Breaking in the principals
The liaisons frequently present information and lead discussions during
parent meetings at their schools. "They are developing a full bag of
tricks to get the standards messages across," explains Chris Eftychiou,
the district's middle grades communications coordinator, who helps supervise
the parent support staff.
The liaisons take advantage of videos and other materials prepared by a
national communications company expressly to explain LBUSD's standards program.
"They've also developed talking points, glossaries, handouts on the
use of student planners, general good-parenting tips," he says. "They
pick and choose among them to give the right presentations to the right
audiences."
Scott, for example, showed parents how teachers use a rubric to make sure
students understand the kind of work expected of them on various standards-based
assignments. Liaison Anita Griffin helped parents solve the mysteries of
the SAT-9 state testing program and how it fits with the district's own
assessment plan. She also voluntarily attended a conference to learn more
about GEAR-UP, a program at two of her schools that encourages middle-grades
students to prepare for college.
When the parent liaison program kicked off last fall, some principals who
had not been well-briefed on the program's purpose were slow to take advantage
of the new parent communications resource. Unwilling to be ignored or underutilized,
the liaisons began to find ways to make themselves useful. "We started
by getting on the principals' agendas and letting them know how we could
help," says Scott. Not surprisingly, they made the most headway in
schools where principals were already committed to strong parent-community
outreach.
By mid-year the four women were in great demand, and all of them work far
beyond the original 10 hours per week allotted for the jobs. "Now,
I'm treated like a queen," said Perry, who often turned up at her schools
early in the morning to greet parents.
Working in tandem with Lucretia Espinoza, a student intervention specialist
at the some of the schools where she is a parent liaison, Perry reinforces
the same messages as Turcios - get involved with what your children are
doing at school, provide quiet time, check the planners.
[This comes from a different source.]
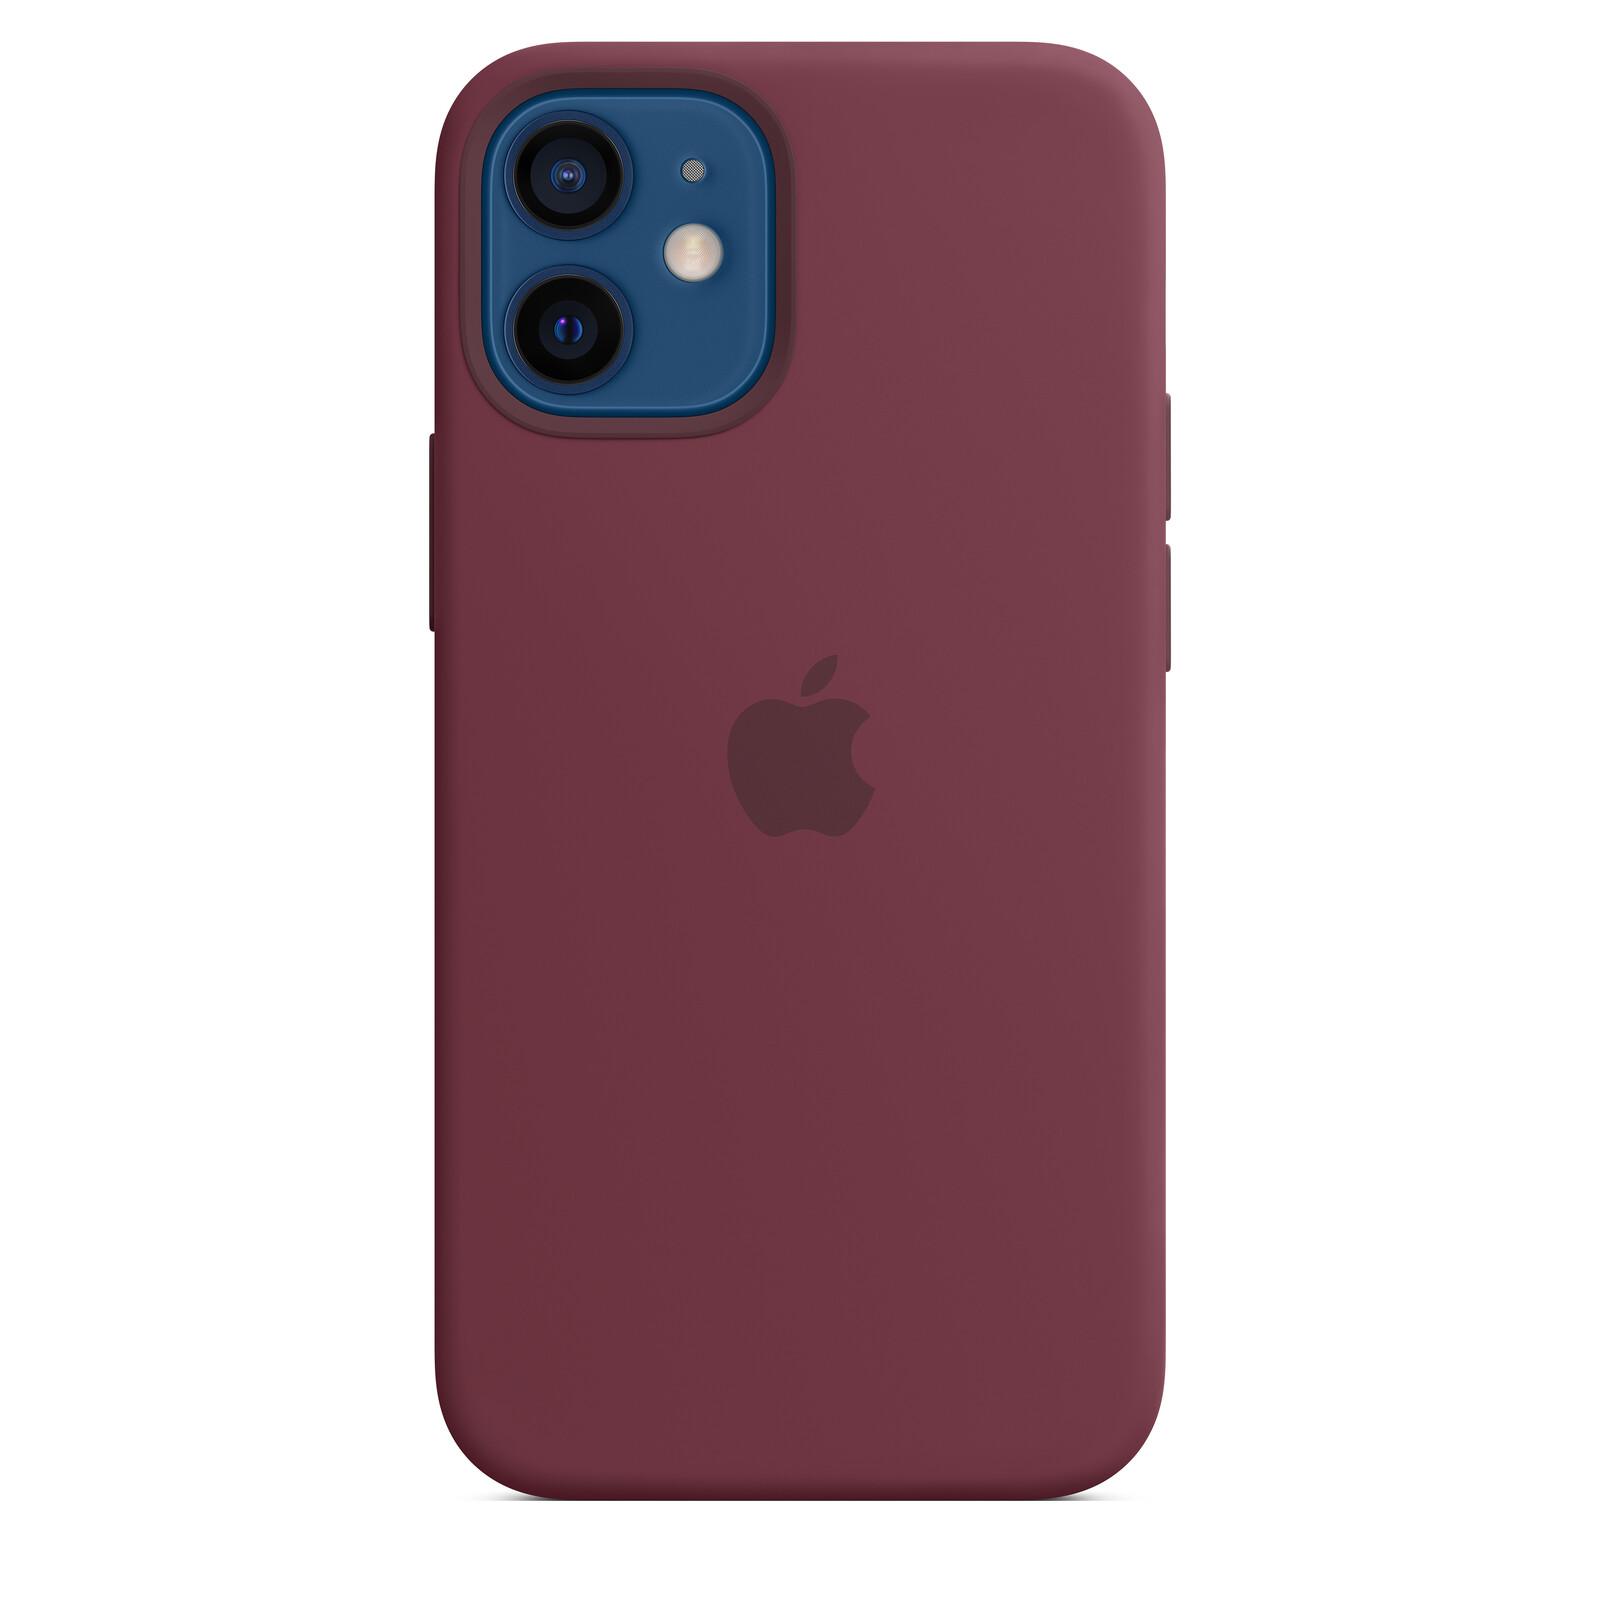 Apple iPhone 12 mini Silikon Case mit MagSafe pflaume
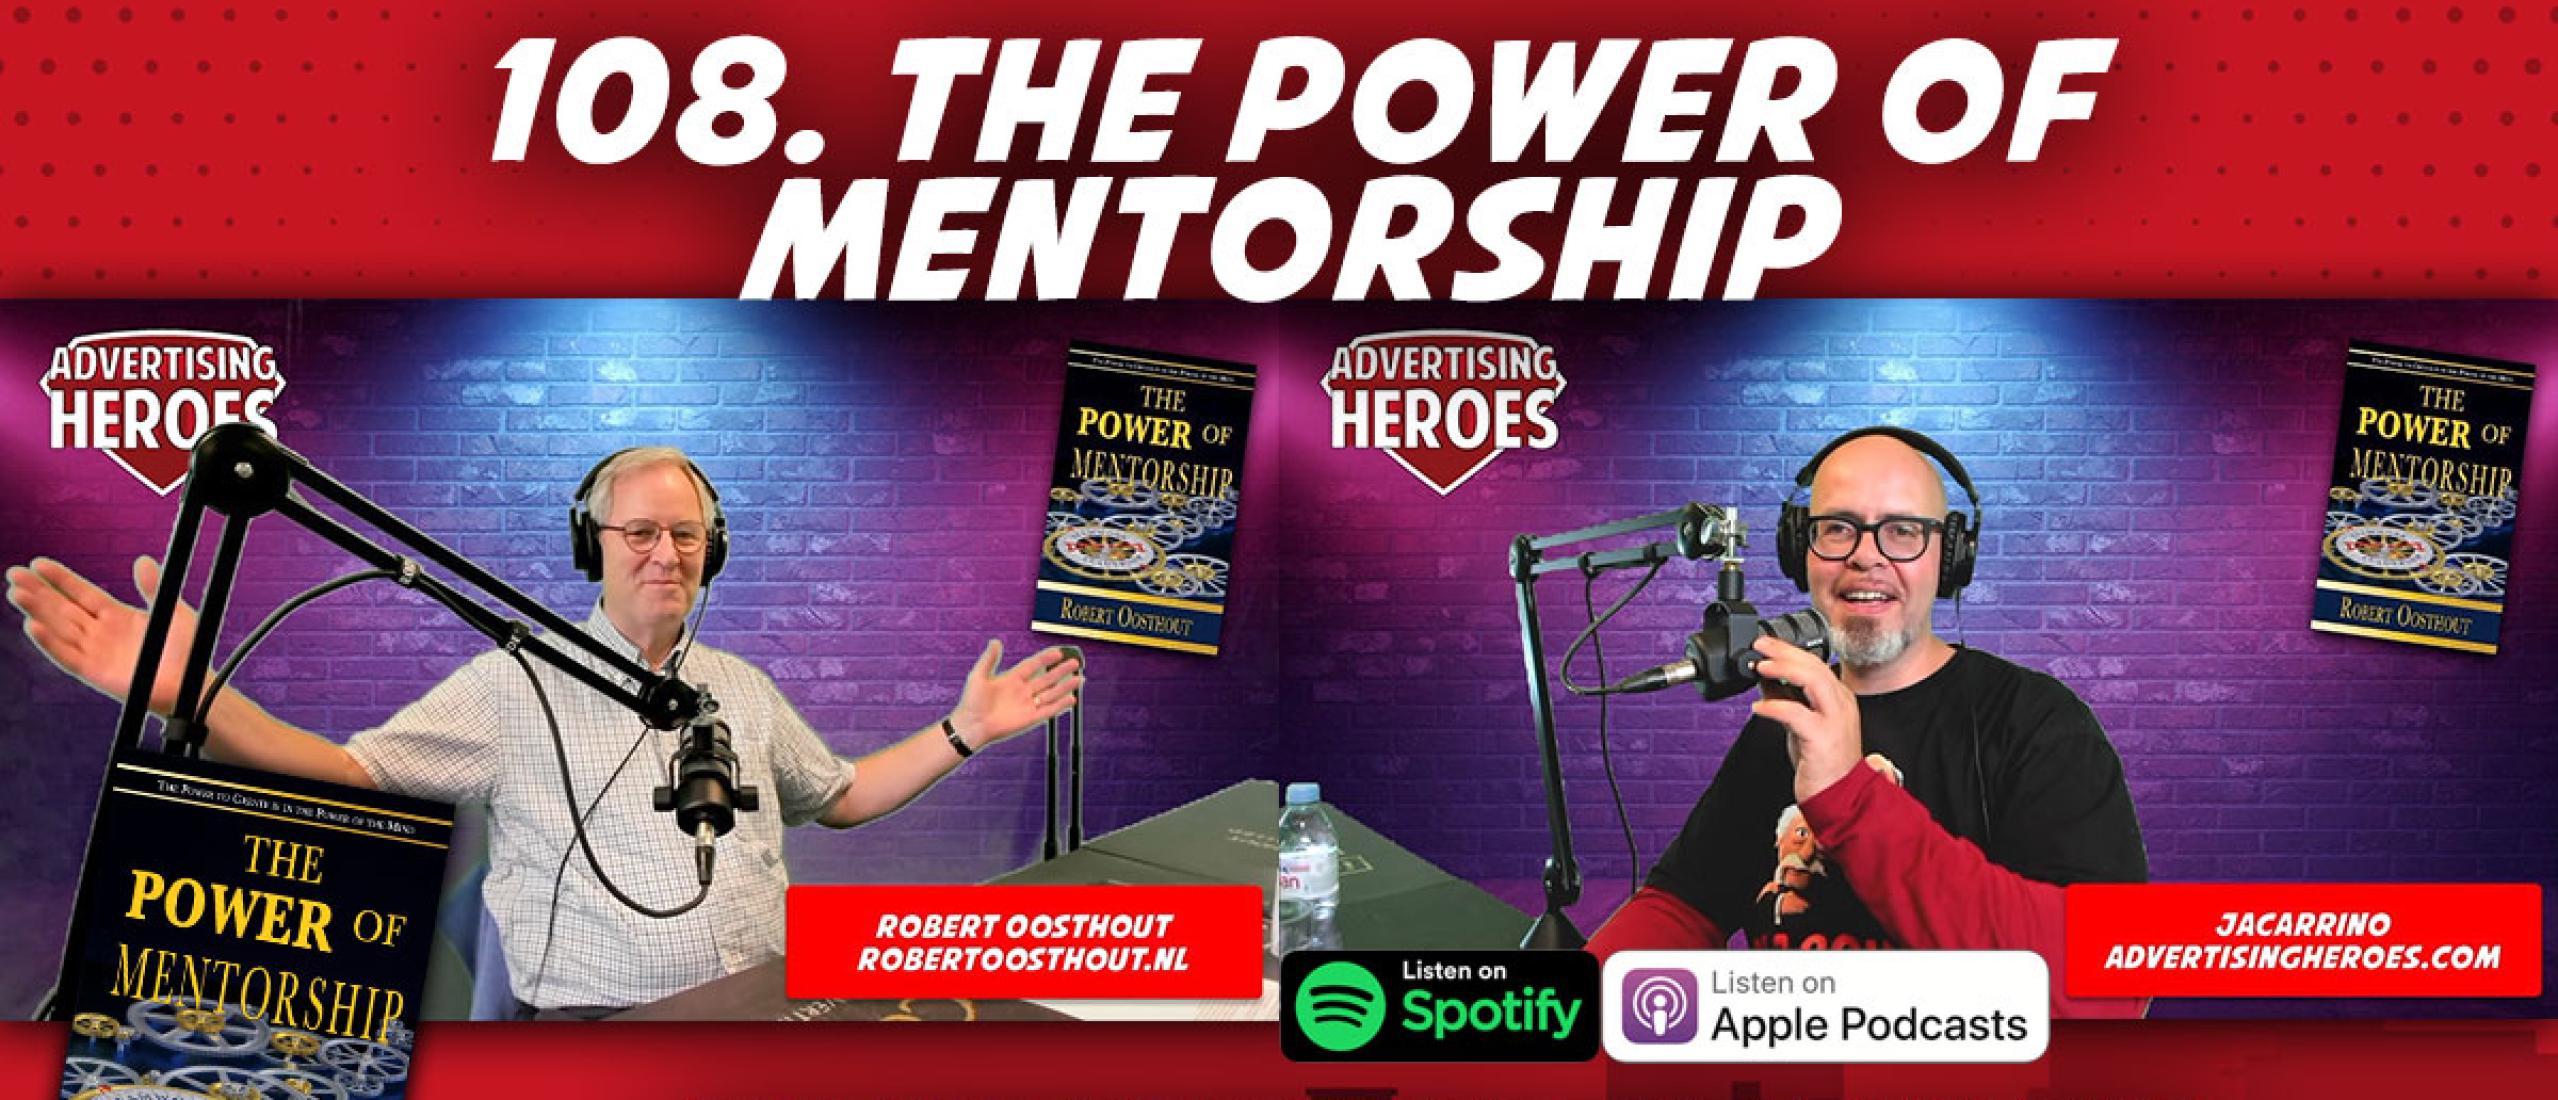 108. The Power of Mentorship - met ondernemer en auteur Robert Oosthout

Each of the liaisons, to varying degrees, acknowledges they often must help
students with personal problems before addressing academic ones. It's a
role they believe they can fulfill more informally than school counselors.
Eventually, however, they reach parents with their "bag of tricks"
and get down to standards and school work. When language barriers arise,
Scott says, each of the liaisons has identified translators who can help
get their messages across.
"Parents don't know all the acronyms or everything that is out there
to help them,"says Scott. "It's part of our job to untangle all
of that and help them help their kids be more successful in school."
Griffin adds that while there are ample opportunities available for parents
to be involved, many reject traditional groups such as the PTA. "They
want to work with kids directly."
One of the traditional barriers to parent involvement, especially among
low-income and limited-English speaking parents, is the school office. Many
parents feel unwelcome when they visit their child's school, the liaisons
say. Perry presented one of her principals with a parent survey indicating
that Hispanic parents felt "no one is listening to us." The principal
immediately set up meetings with the parents to search for solutions.
Principals and teachers often say they want more parent involvement, but
for the most part, they are not trained to work effectively with parents.
It's a skill they develop on the job, if at all. At the same time, parents
often want to find ways to help out and be more involved in the life of
the school. The parent liaisons, as Turcios says, are there to provide a
bridge, ultimately drawing parents into higher expectations for their children.
The problem with this picture, observes student intervention specialist
Espinoza, who found that Sadie Perry was spending more than 40 hours a week
with her parents and children (much of it uncompensated) is that the "liaisons
are only part time." There's just more reaching out to be done than
four people hired for 10 hours a week can accomplish.